Há quatro questões centrais. Primeiro, o custo de capital para investimento ou capital de giro. A alta concentração bancária faz do Brasil o País com o maior custo do mundo. Segundo, os insumos muito caros no Brasil. Terceiro, a carga tributária. Os bens no Brasil têm uma carga tributária média de 46%. Nossa calça jeans tem 52% de imposto. Todo mundo paga, desde o trabalhador de baixa renda até o Abilio Diniz. Já os serviços têm uma carga média de 22%. E os bens agrícolas, 1,9%. Isso não é inteligente. O Brasil tributa mais aquilo que é “tradable”. E tributa menos aqui o que não é substituível. Ninguém importa uma obturação de dentista. Não importa uma consulta médica, um advogado. Já os produtos industriais estão sempre competindo. O quarto item é a falta de infraestrutura.
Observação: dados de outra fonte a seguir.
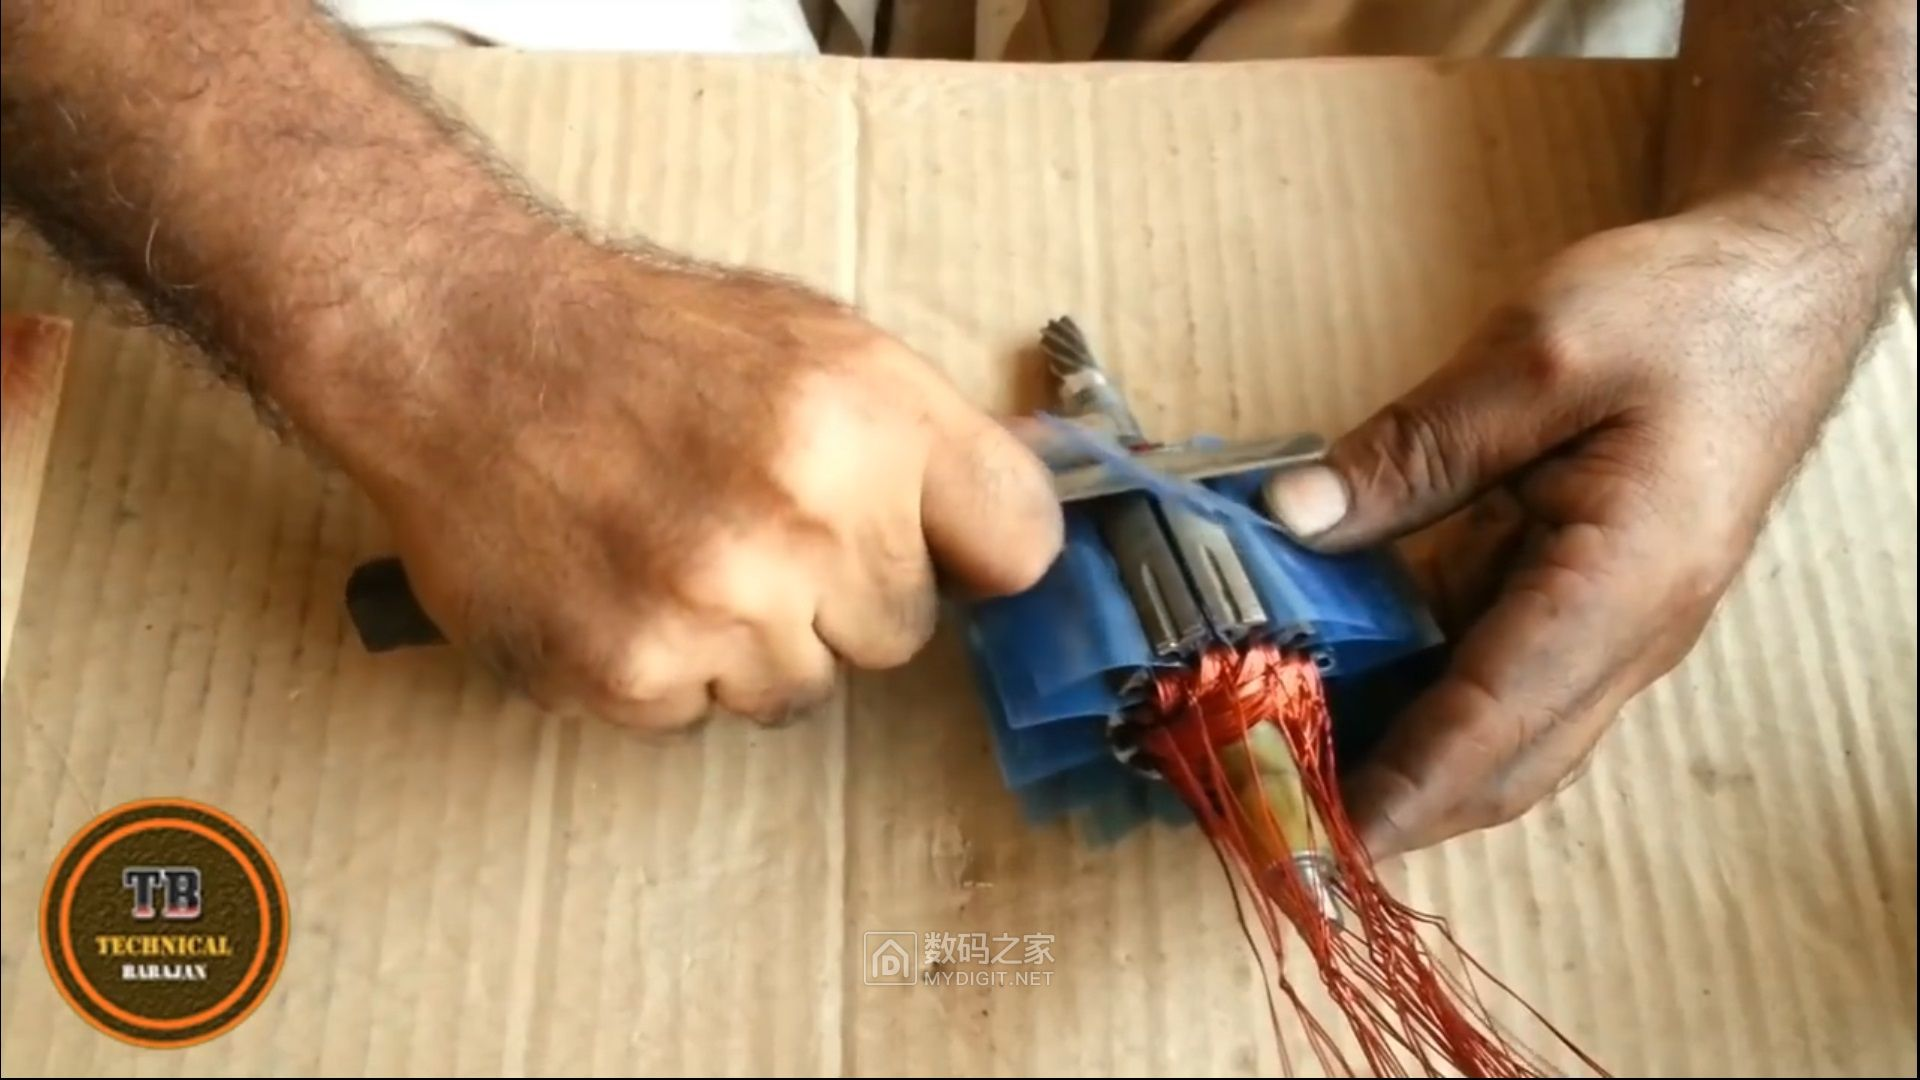 发一个德伟电圆锯转子重绕的视频(转载于油管)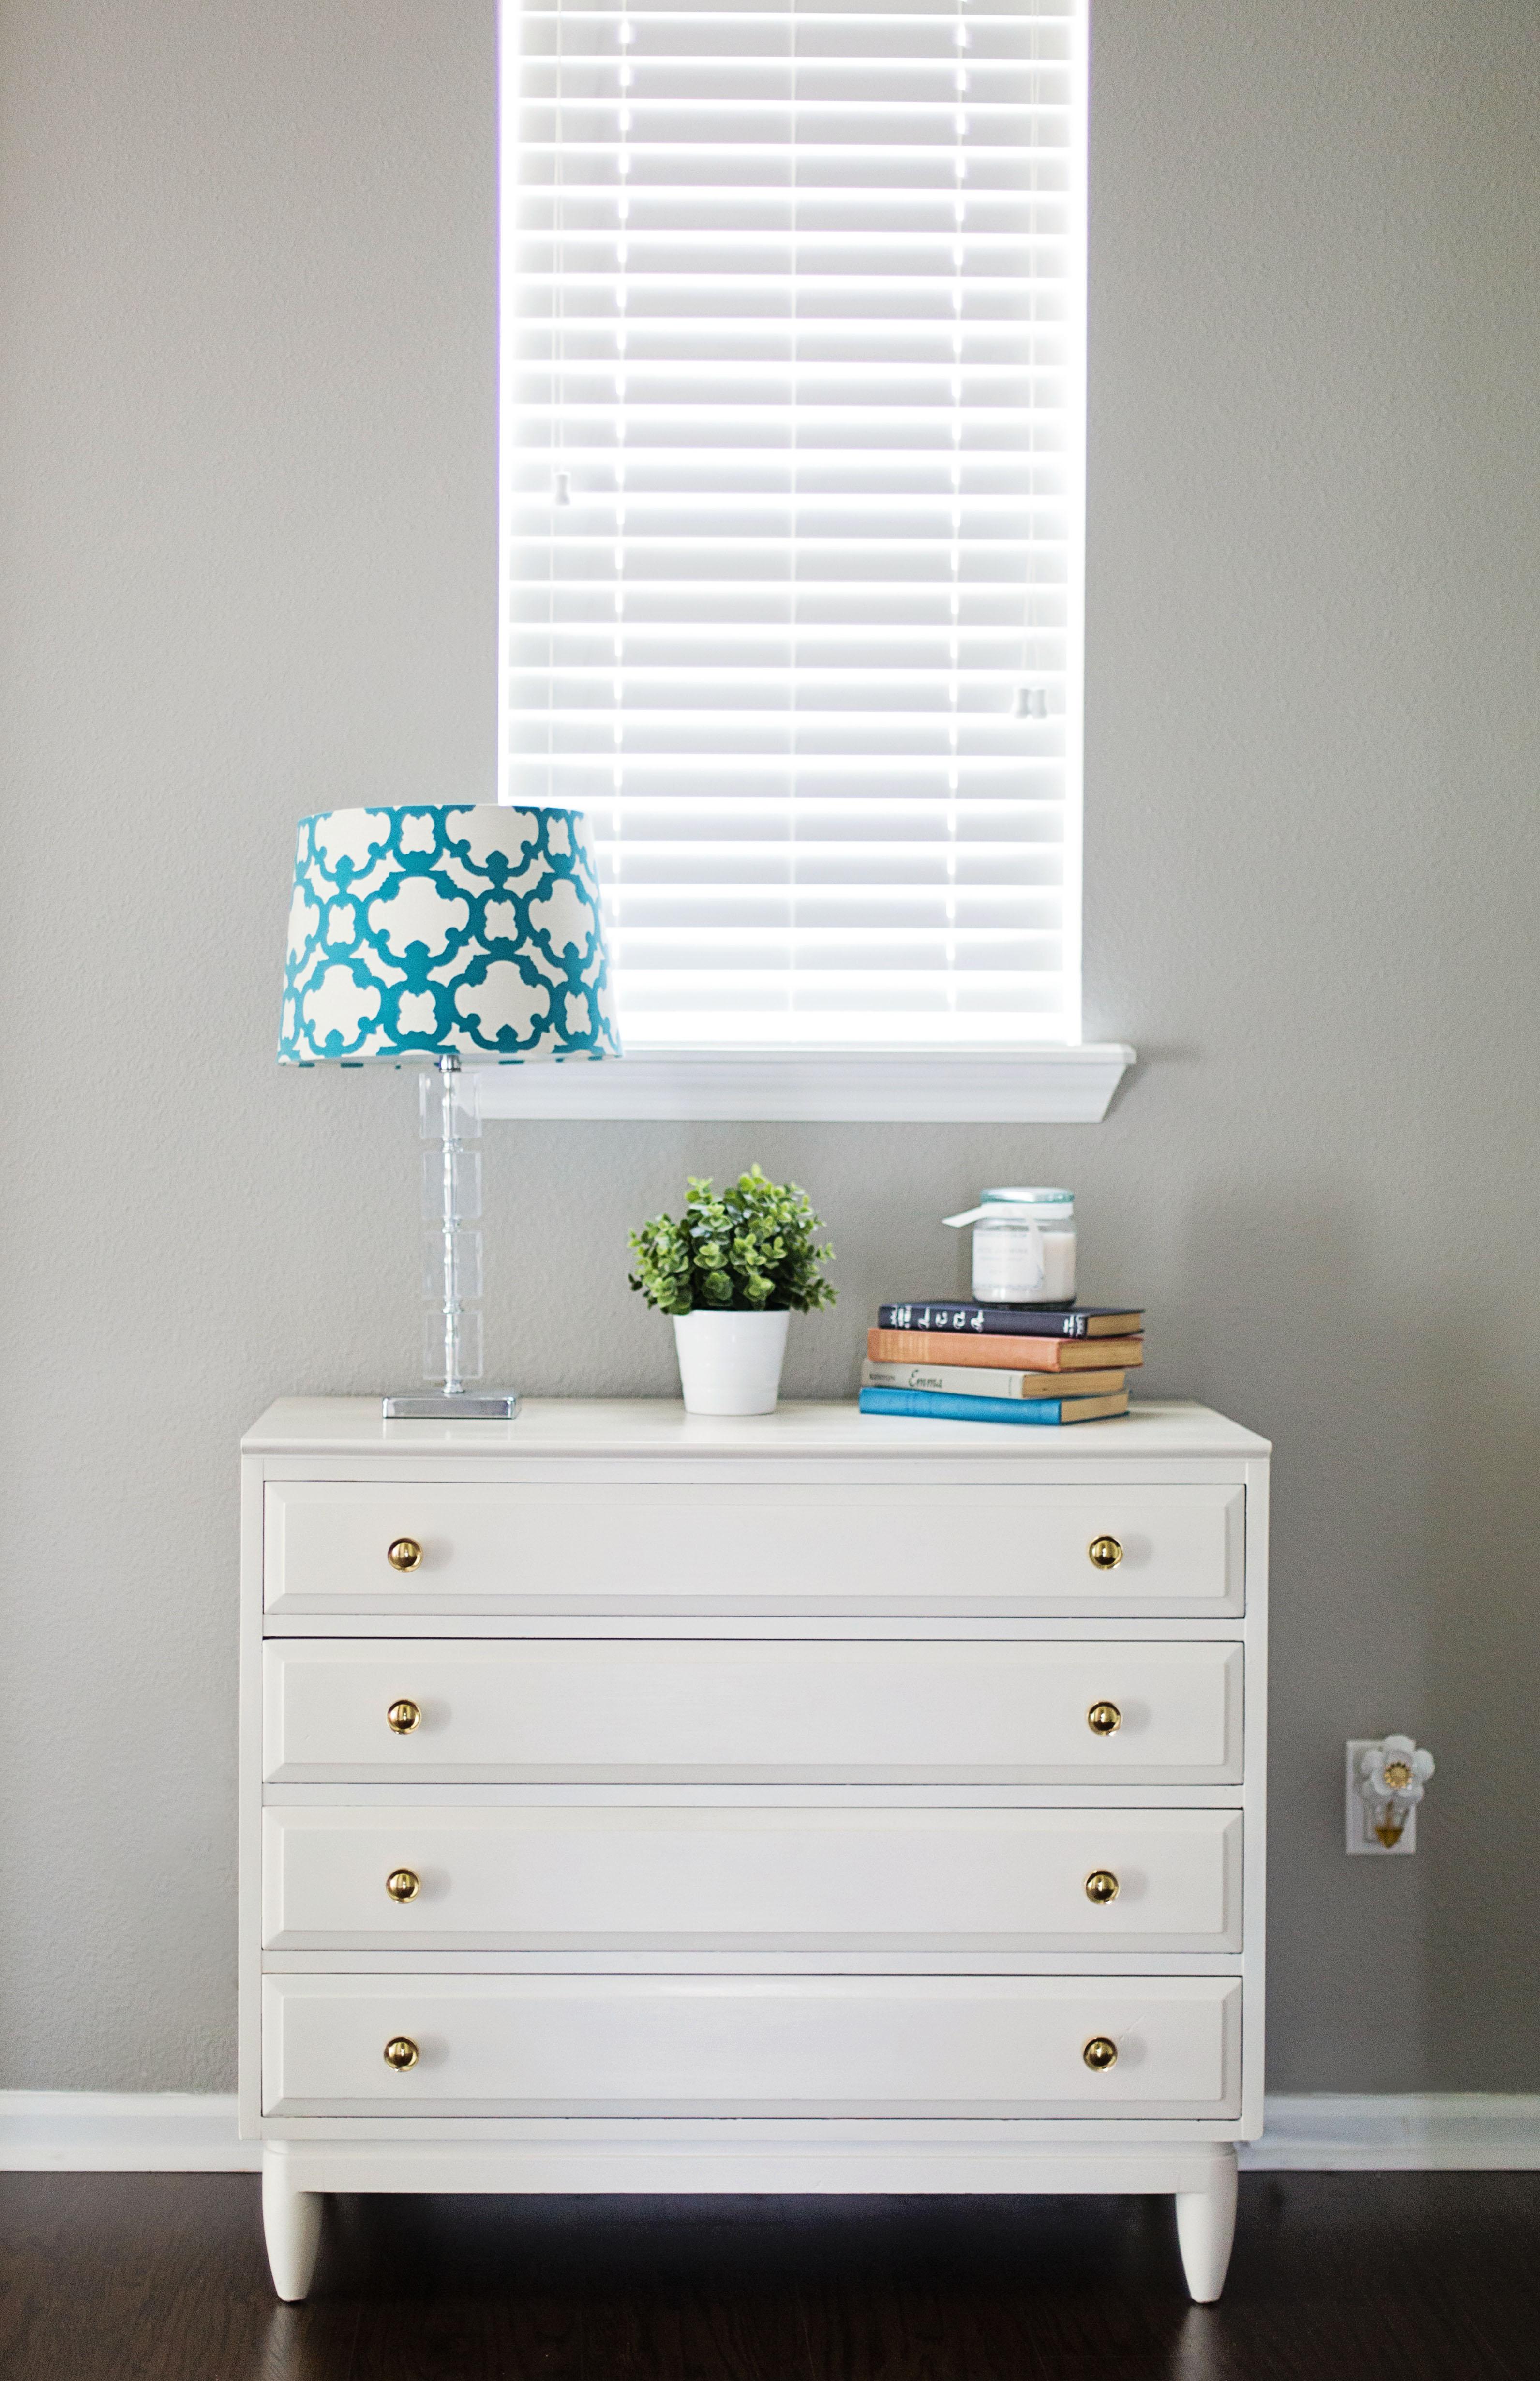 diy white dresser makeover tutorial. Black Bedroom Furniture Sets. Home Design Ideas

A reforma tributária como está resolverá?
A reforma ainda não está acertada. Está se discutindo. As reformas precisam acabar com a cobrança cumulativa, não pode ser progressiva. Tem que cobrar mais de quem tem mais, e menos de quem tem menos. Reduzir a carga sobre produtos e tributar mais os serviços. O pobre consome mais bens do que serviços. O Brasil também tem que desonerar investimentos e exportações. São coisas que não existem em lugar nenhum do mundo. Só aqui. Defendemos uma reforma ampla, não fatiada, como estão discutindo. Na prática, o Projeto de Lei 3887/2020, o chamado CBS, só melhora PIS e Cofins. Não respeita todos os princípios porque não mexe no ICMS, no ISS e no maluco do IPI, que só tem no Brasil. No mundo, existe imposto sobre renda, sobre patrimônio e sobre consumo. No Brasil, isso é uma loucura.

Isso foi falado ao ministro Guedes?
Umas 15 vezes. Na questão tributária, tem que diminuir a alíquota de lucros e dividendos para um patamar de 15%. Não 20%. Porque a maioria dos investimentos financeiros tributa em 15%. Então, não podemos competir com mercado financeiro. Vai ter gente investindo em fundos em vez de investir na própria empresa. Mas o maior defeito da lei é que vai tributar todo mundo que tirar lucro e dividendos da empresa, inclusive lucros acumulados. Então, vamos dizer que lá no meu caixa tenho lucro acumulado de 2017, 2018, 2019, 2020. Quem deixou recursos para investimentos, agora será penalizado. A partir de 1º de janeiro, tudo que tirar vai pagar 20%. Aquele lucro que já recolhi 34%, vai ter mais imposto a pagar. Isso vai dar bitributação. Isso vai dar judicialização. Hoje está todo mundo correndo para rapar as empresas. Tirando todo o dinheiro. Tem empresa que está negociando com banco para fazer financiamento. Os juros do crédito são menores do que o imposto. Pode um negócio deste? Estamos vivendo uma interferência na vida privada. Um antiliberalismo.